#### Your instructions:
Give every line below again, exactly.

#### Provided data:

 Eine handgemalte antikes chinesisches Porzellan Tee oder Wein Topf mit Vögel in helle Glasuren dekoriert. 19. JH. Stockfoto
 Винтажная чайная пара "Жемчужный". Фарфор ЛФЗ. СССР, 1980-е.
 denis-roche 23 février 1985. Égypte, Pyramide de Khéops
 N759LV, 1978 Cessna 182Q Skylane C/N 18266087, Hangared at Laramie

#### Written solution:
 Eine handgemalte antikes chinesisches Porzellan Tee oder Wein Topf mit Vögel in helle Glasuren dekoriert. 19. JH. Stockfoto
 Винтажная чайная пара "Жемчужный". Фарфор ЛФЗ. СССР, 1980-е.
 denis-roche 23 février 1985. Égypte, Pyramide de Khéops
 N759LV, 1978 Cessna 182Q Skylane C/N 18266087, Hangared at Laramie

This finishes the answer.